China’s central bank on Monday cut the main benchmark interest rate that the country’s commercial banks use in issuing one-year bank loans, the latest in a series of steps by the government to address falling apartment prices, weak consumer spending and broad debt troubles.

But the reduction, the second time in two months that the government has pushed down commercial banks’ lending rates, was smaller than expected. The modest cut was the latest sign that the government’s usual tools for addressing an economic slowdown may have lost some of their effectiveness, economists said.

“This will provide only modest support to credit growth and wider economic activity,” Capital Economics, a London research firm, said in a note.
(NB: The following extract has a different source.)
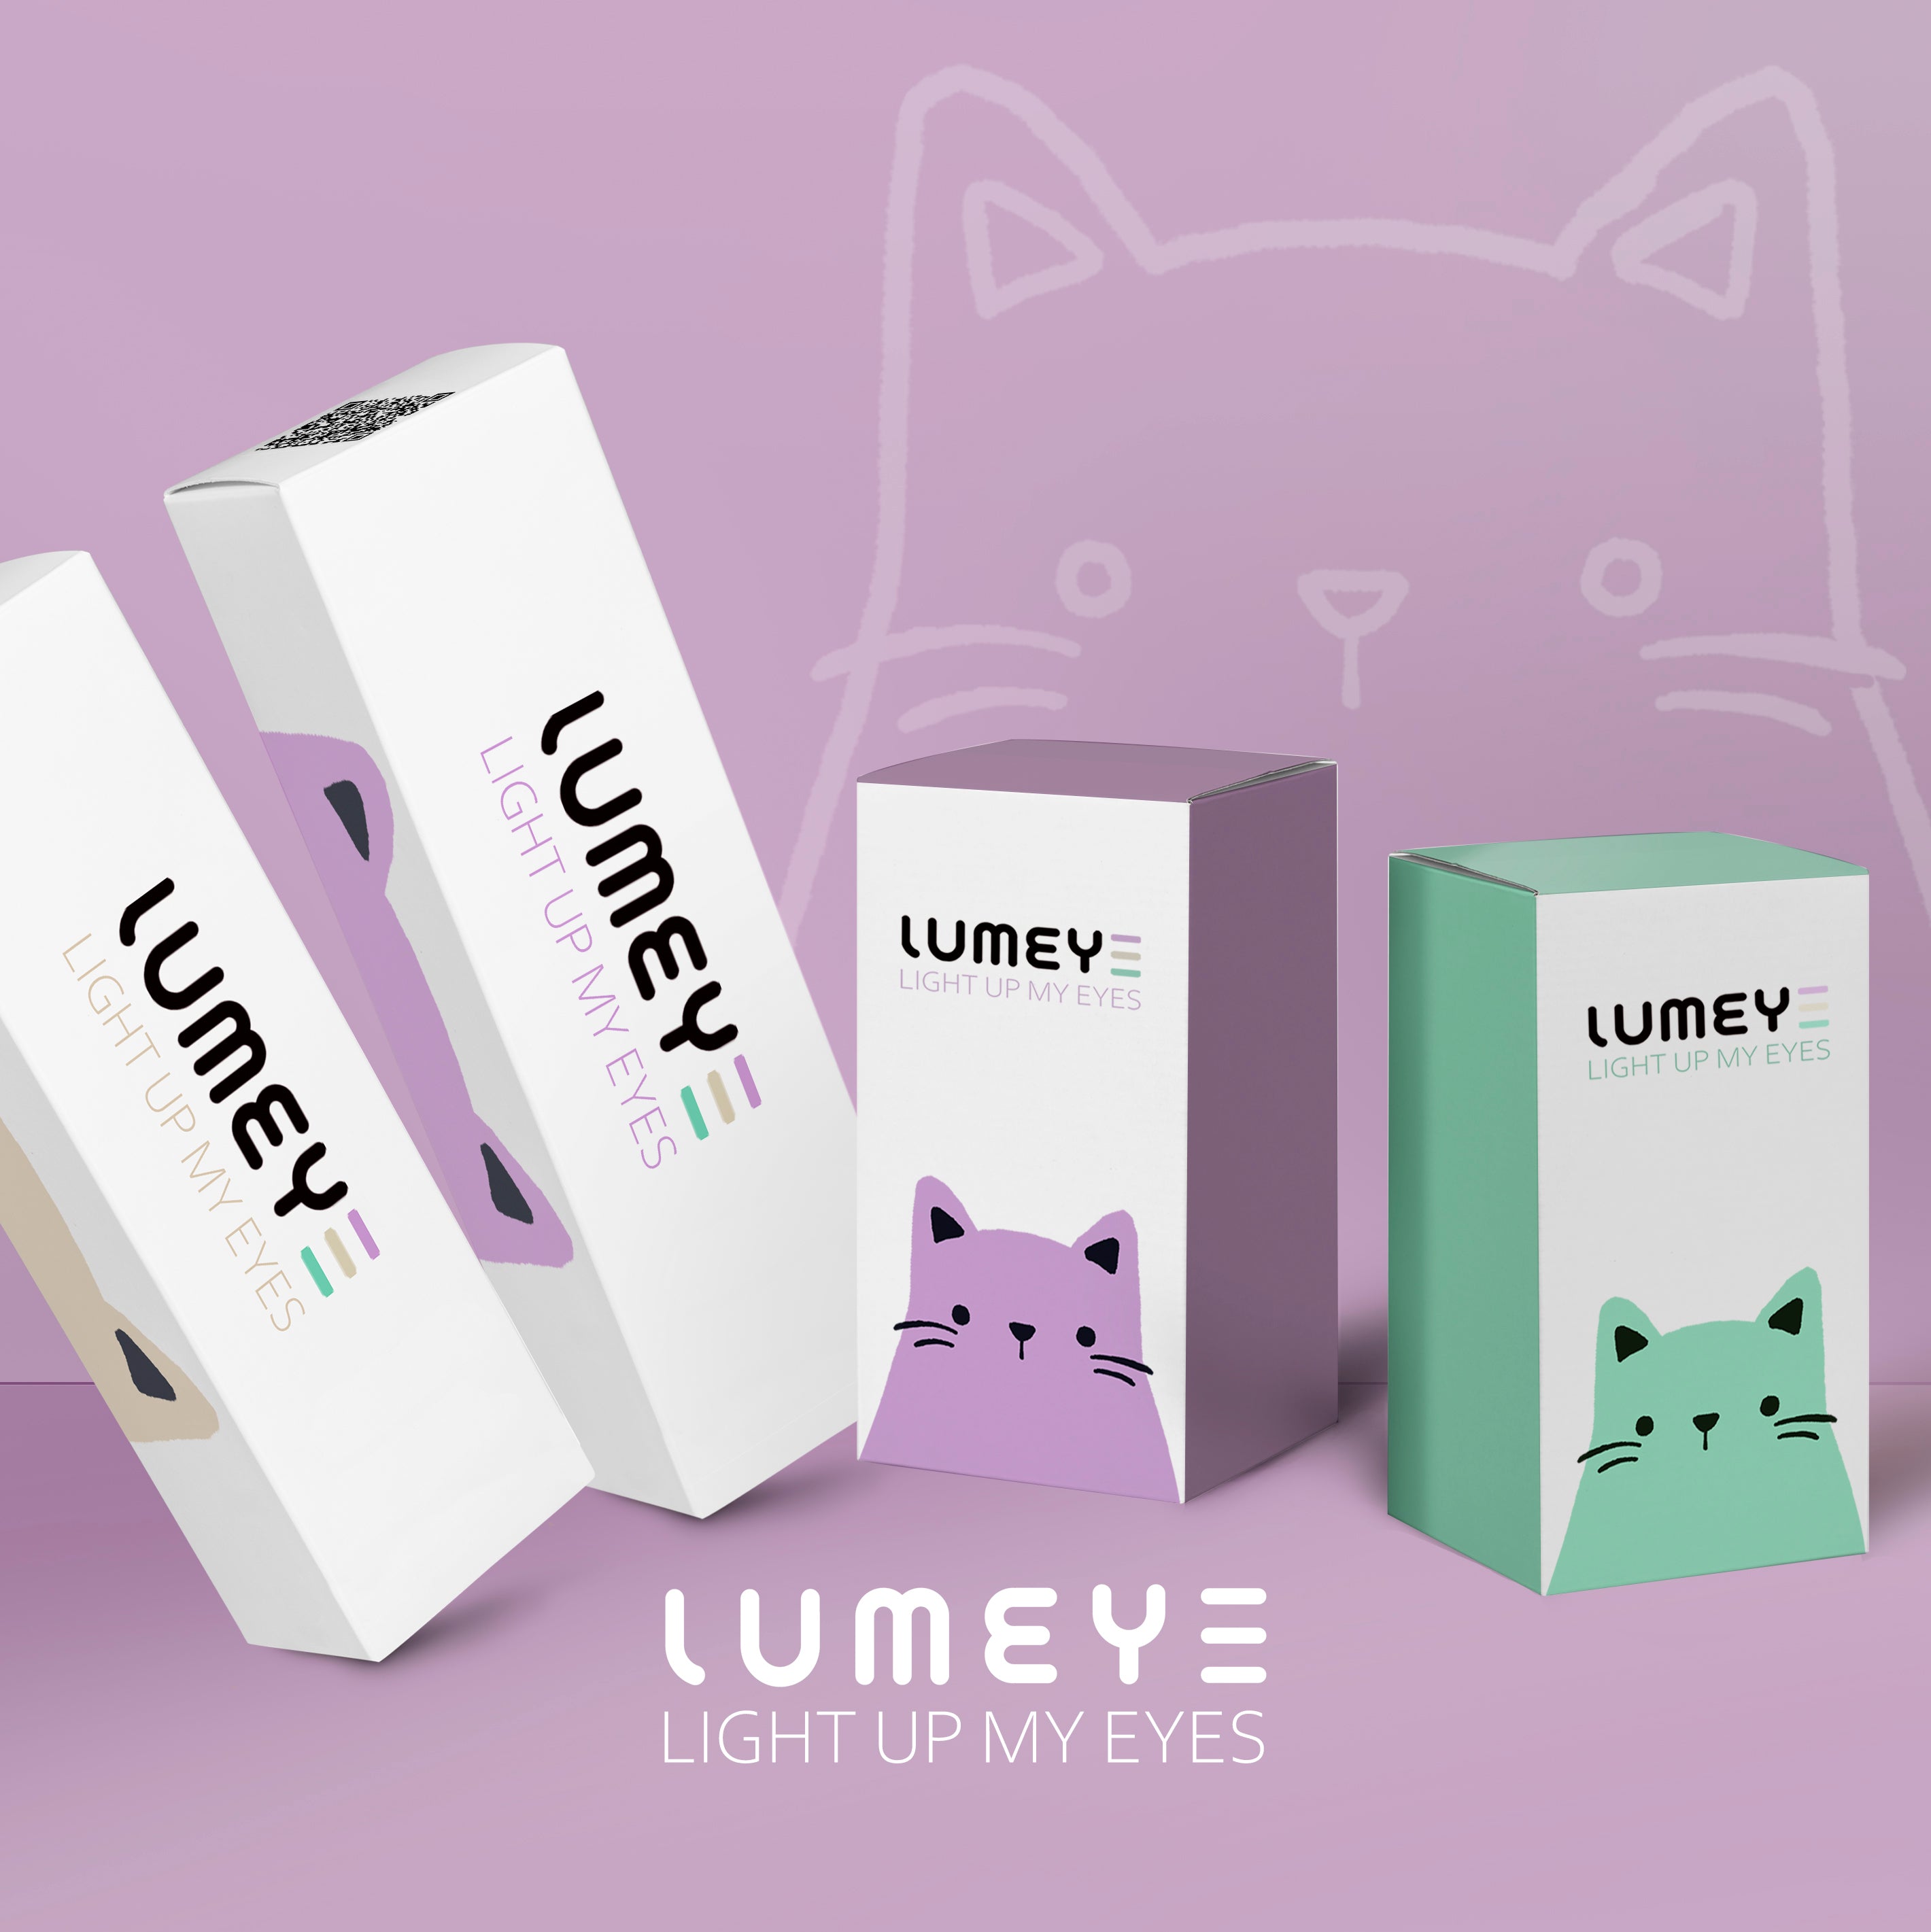 Best COLORED CONTACTS - LUMEYE Soul Reaping Yellow Colored Contact Lenses - LUMEYE

Stocks in Hong Kong, where many of China’s biggest companies trade, fell more than 1 percent Monday, while shares in mainland China were down about 0.50 percent.

Cutting interest rates slightly makes it a little cheaper for companies and households to borrow money and to make payments on existing loans. The interest rates on most loans are reset annually, often at the start of each year, so the full effects of Monday’s action may be delayed.

The central bank, the People’s Bank of China, reduced the one-year interest rate for commercial bank loans by a tenth of a percentage point to 3.45 percent, less than expected. But it did not reduce its benchmark interest rate for commercial banks’ five-year loans, leaving it at 4.2 percent.

A survey of 35 economists by Reuters last week showed that all of them expected the central bank to reduce interest rates for five-year loans as well as one-year loans. The five-year loans are mainly used for setting the interest rates on mortgages.

Last week, the central bank lowered borrowing costs for commercial banks by 0.15 percentage points. By making a more modest cut in the lending rates, policymakers were, in effect, widening the profit margins for banks.

China’s commercial banks have lent massively in recent years to real estate developers and home buyers — the same groups that have been hit hardest by China’s housing crash.

More than 50 real estate developers have already defaulted or stopped payments on overseas bonds. Country Garden has become the country’s largest developer to run into financial difficulties in the past two weeks.

The opaque accounting of China’s state-controlled financial system has made it difficult for outsiders to discern the scale of the banks’ real estate-related losses. Wider profit margins on loans could help these banks accumulate more reserves to offset these losses.